Константин Константинович на мгновение приостановился. От маленькой соседки пахло молодыми яблоками и бедностью, она так плакала ночью, и вскрикивала, и жалась к нему всем своим маленьким жарким горем. У нее были чудесные плечи и неповторимый изгиб спины. Чемодан валялся у ее ног, как выброшенный на берег мертвый китенок. Она была прелестна. У нее были растрепанные волосы и убитые глаза. Но руки у Константина Константиновича были заняты.
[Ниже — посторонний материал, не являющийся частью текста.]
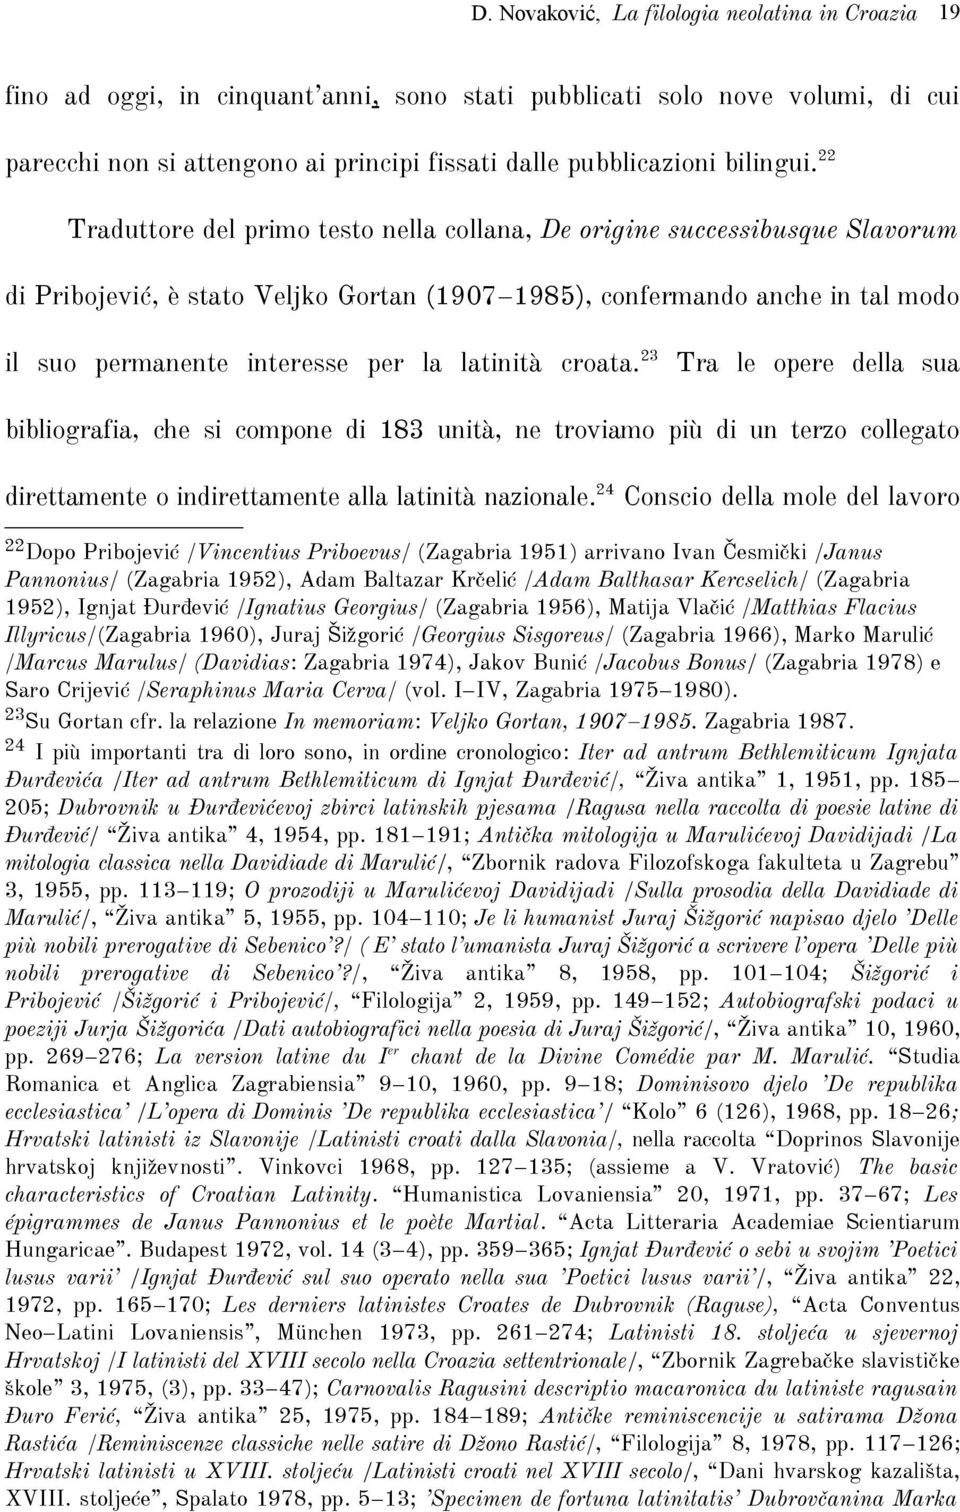 latinità croata. 23 Tra le opere della sua bibliografia, che si compone di 183 unità, ne troviamo più di un terzo collegato direttamente o indirettamente alla latinità nazionale.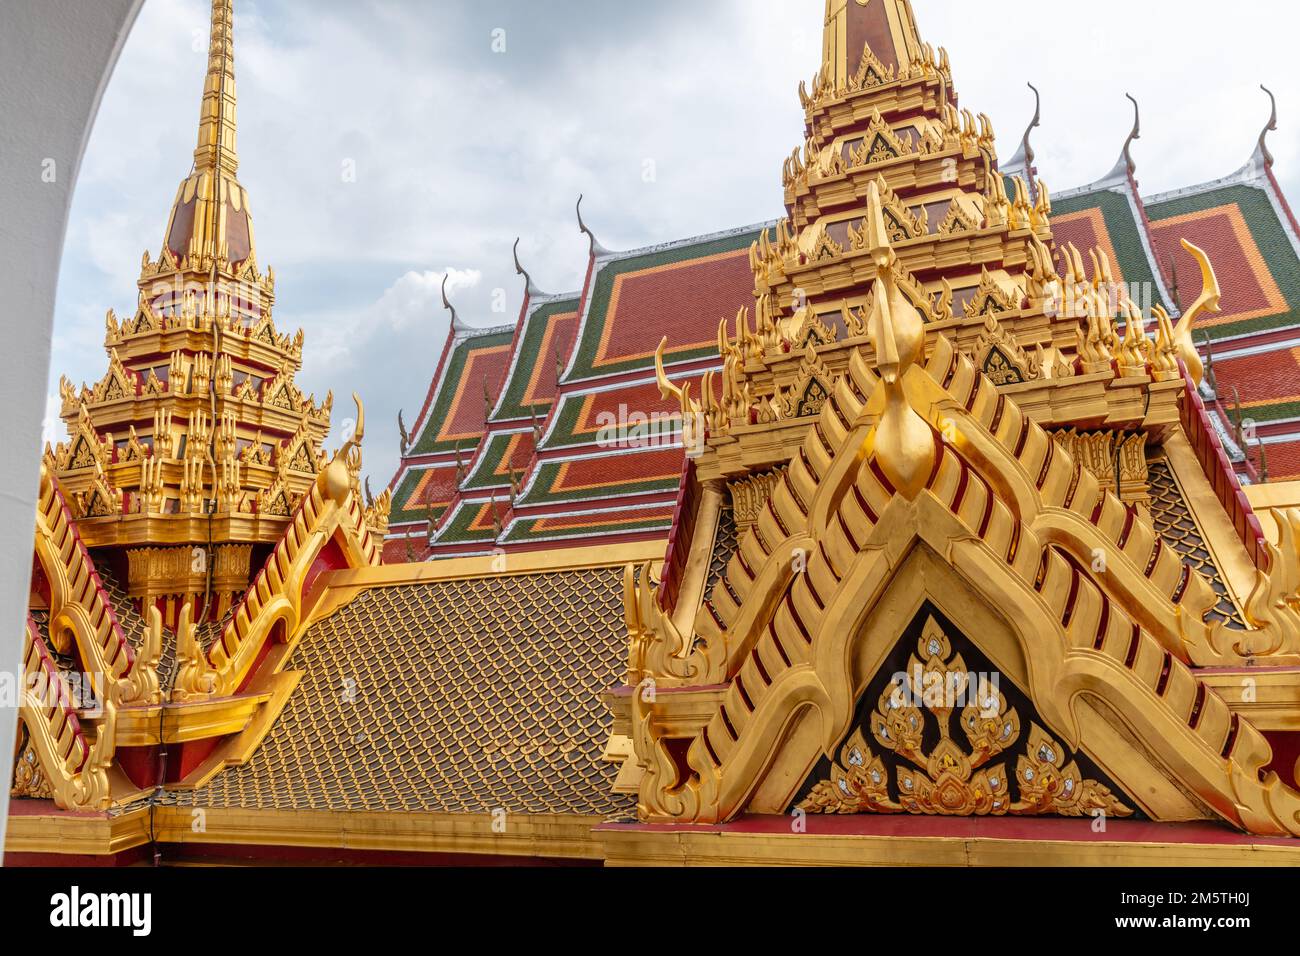 Clochers de Loha Prasat, chedi de Wat Ratchanatdaram Woravihara (Temple de la nièce royale) - Temple bouddhiste thaïlandais à Bangkok, Thaïlande. Banque D'Images

Когда Ника распрямилась, в коридоре стоял только круглый пыльный световой столб. Радио на кухне трепетно объявило: А сейчас, по просьбе Дмитрия П. из подмосковного города Жуковского, прозвучит романс «Сумасшедшая роза»…
Дети сидели на дереве – прямо за окном. Нике показалось, что их очень много: они облепили дерево, как птицы, крошечные, жадно вытягивающие шеи птенцы. Они всё видели. И Ника с холодеющим сердцем, мгновенно проваливаясь в дурноту и в детство, всем телом почувствовала, как им было интересно.
Она смутно ощущала, как орала и стучала в окно толстая санитарка, как посыпались с веток в разные стороны, словно порванные бусы, дети – ее кололи где-то в глубине, разрывали, тянули что-то; ужасно, мерно, спокойно, как насыщающееся животное, чмокал вакуумный насос; боль оказалась невыносимей, чем Ника смела мечтать, она подхватила Нику, закрутила, укачала, как в поезде…
Откуда-то появился Афанасий, опухший от водки, почерневший, с чужим из-за недавно сломанного в пьяной драке носа, незнакомым лицом, и, глядя в сторону, очень спокойно сказал: У меня есть ребенок от другой женщины. Ему четыре года, и я ничего о нем не знал… Там есть квартира, я же не могу писать музыку в таких условиях, понимаешь…
Понимаю, понимаю, – торопливо соглашалась Ника, чувствуя, как щекочут лоб невидимые струйки пота, и опять целый день собирала мужу вещи, отправляя его к другой женщине, перебирая рубашки, штопая носки и раскладывая всё, как учила мама, по целлофановым пакетам с наклейками «старое», «новое», «зимой под свитер»…
– Ап! Готово! – выдохнула, как в цирке, врач, быстро продолжая что-то делать внутри Ники, но теперь с каждым движением чудовищная, тягучая боль уменьшалась, утихала, как будто отступала назад тяжелая черная вода, и Ника вынырнула на поверхность.
– Нашатырь!
От ваты веяло резкой свежестью, и Ника раздувала ноздри, хватала ее ртом. Она возвращалась. Какая разница куда. Она возвращалась.
Толстая санитарка уже готовно брякала ведром и шваброй. Медсестра что-то засовывала в нестерильный бикс. Ника с трудом подняла голову. Врач опять торопливо писала в историю что-то про Нику и ее бывшего ребенка. И чужие дети опять были здесь, за наполовину замалеванным окном.